The U.S. Agency for Healthcare Research and Quality (AHRQ) said reductions in hospital-acquired conditions (HACs) have helped to prevent more than 20,000 hospital deaths between 2014 and 2017, and have shaved $7.7 billion from hospital spending over the same term. AHRQ said HACs were reduced by more than 900,000 in that time, and that the rate of such events fell from about 99 to 86 per 1,000 acute-care episodes. The target reduction for federal government hospital safety programs is to cut the incidence of HACs by 20 percent between 2014 and 2019, and that the achievement of that objective would mean 1.8 million fewer HACs, 53,000 fewer deaths, and savings in excess of $19 billion.
Health Canada said the launch of its medical device regulatory e-learning tool is an interactive platform that provides targeted guidance for device makers while drafting their premarket submissions. The agency said the tool provides a comprehensive and organized source of regulatory information for a variety of stakeholders, including consultants and academia, and that the availability of the tool may help improve the quality of premarket filings.
Japan's Pharmaceutical and Medical Devices Agency said it had approved a number of medical devices between April and September 2018, including the Lutonix drug-coated balloon for the femoropopliteal arteries, which required 222 days overall and 90 days of agency time.

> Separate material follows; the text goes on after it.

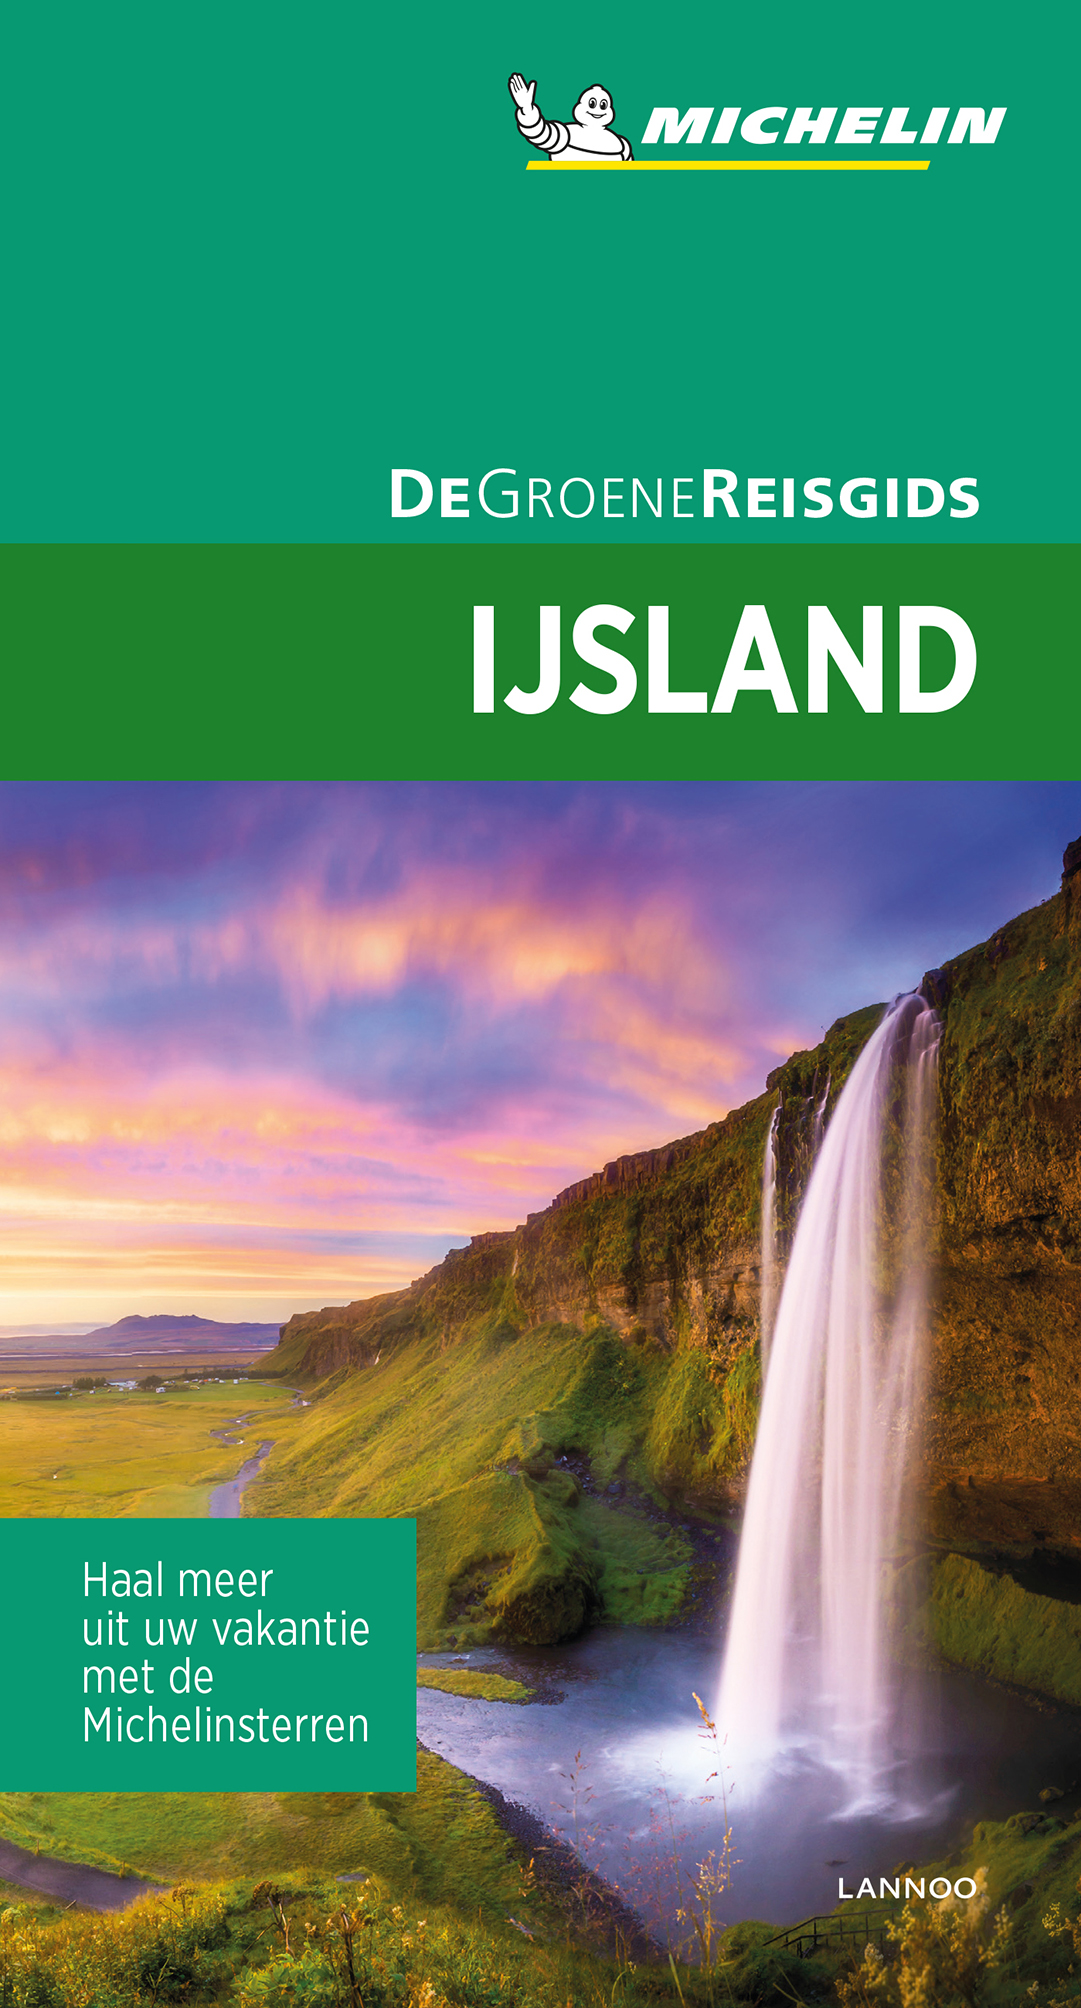 Online bestellen: Reisgids Michelin groene gids IJsland | Lannoo

Medicon Inc., a subsidiary of Lutonix, was the listed sponsor of the device. Among the other devices and diagnostics approved in that time are the Oncomine Dx test by Life Technologies Japan Ltd. and the Mobi C artificial cervical disc by Zimmer Biomet Inc. subsidiary Zimmer Biomet G.K. Medtronic's Sofamor Danek subsidiary received a regulatory nod for the Prestige LP cervical disc system, while Coviden and Boston Scientific also won approvals, the former for the Cool-Tip radiofrequency ablation catheter for soft organ coagulation, and the latter for the RFA radiofrequency ablation catheter, likewise for soft organ coagulation.
The International Medical Device Regulators Forum (IMDRF)posted the final edition of the assembly and technical guide for table of contents (ToC) submissions, dated Jan. 24, 2019, but not posted until March 20. The IMDRF noted that device makers interested in regulatory filings in multiple jurisdictions may choose to develop a copy of the ToC for a product in a manner that is regulator-agnostic, then adapting the device-specific template for each regulatory region of interest. The group noted that the PDF file type is the preferred file format, although some agencies will take applications in other formats, such as word processing and spreadsheet file types.

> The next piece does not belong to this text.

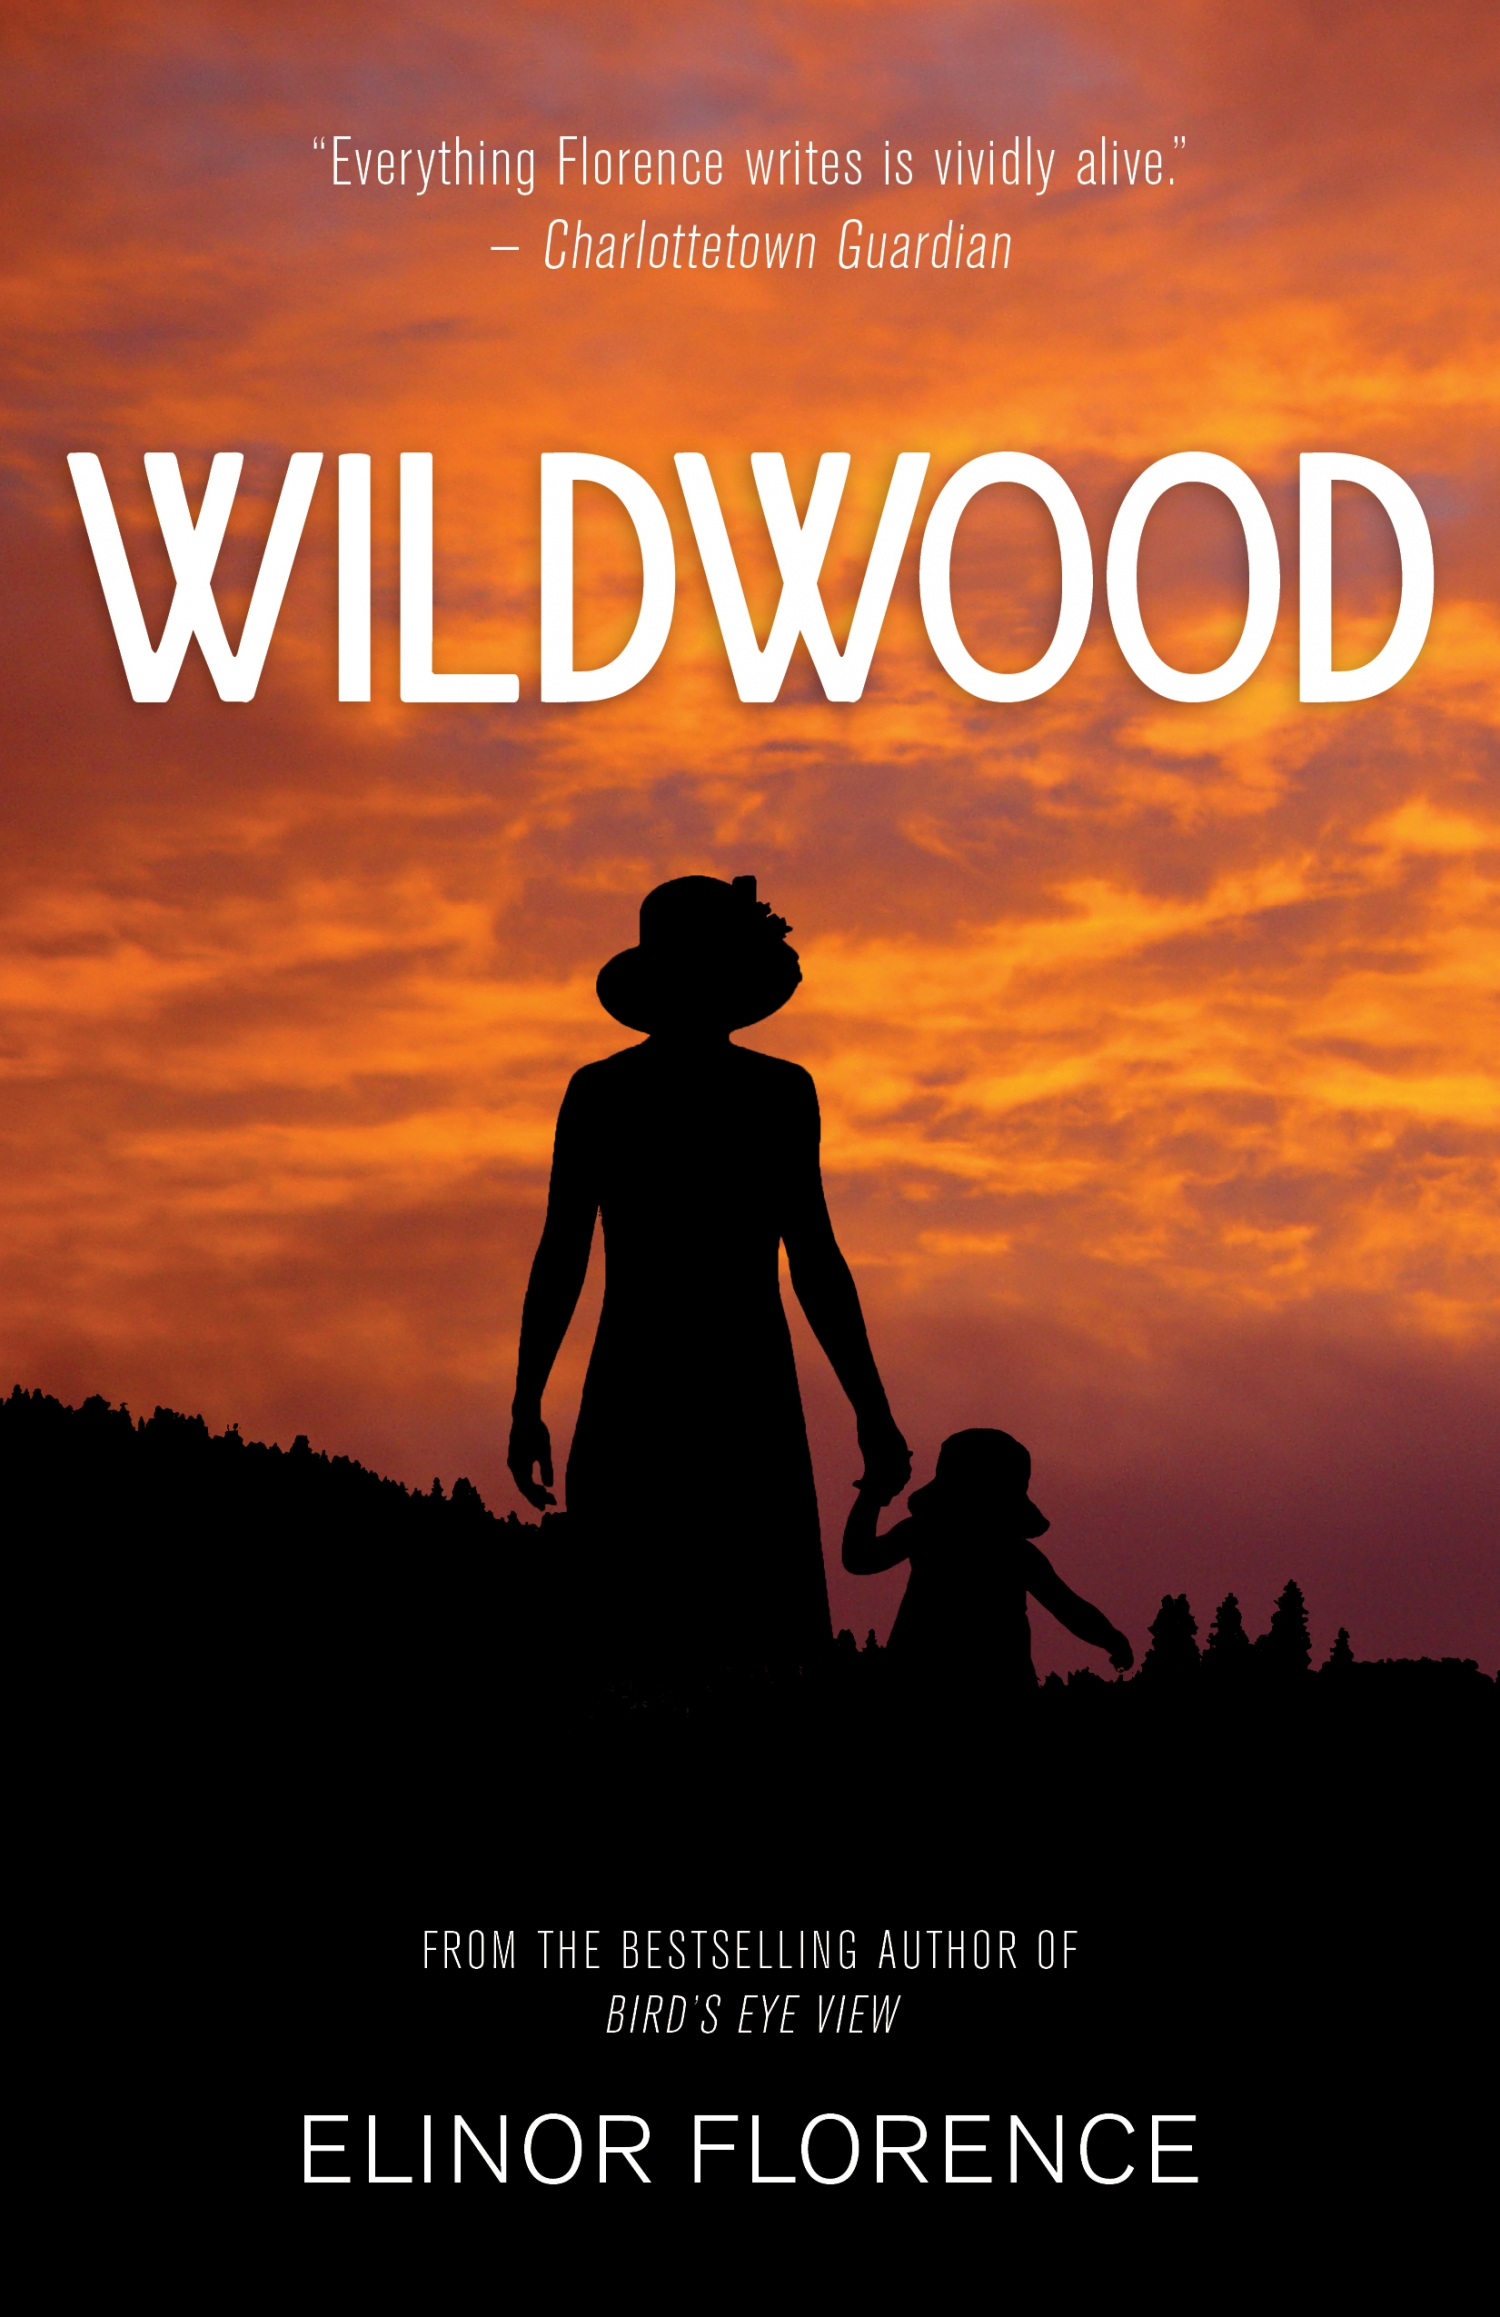 wildwood book review christian

Sientra Inc., of Santa Barbara, Calif., said in a March 20 statement that it intends to respond within 15 days to the U.S. FDA warning letter for the company's Section 522 studies for breast implants. Sientra said it had employed a number of methods for encouraging study retention, and that the company will continue "to work collaboratively with the FDA for a prompt resolution" to the problems seen in loss to follow-up. The statement noted that Sientra will discuss the problems in the March 25-26 advisory committee hearing.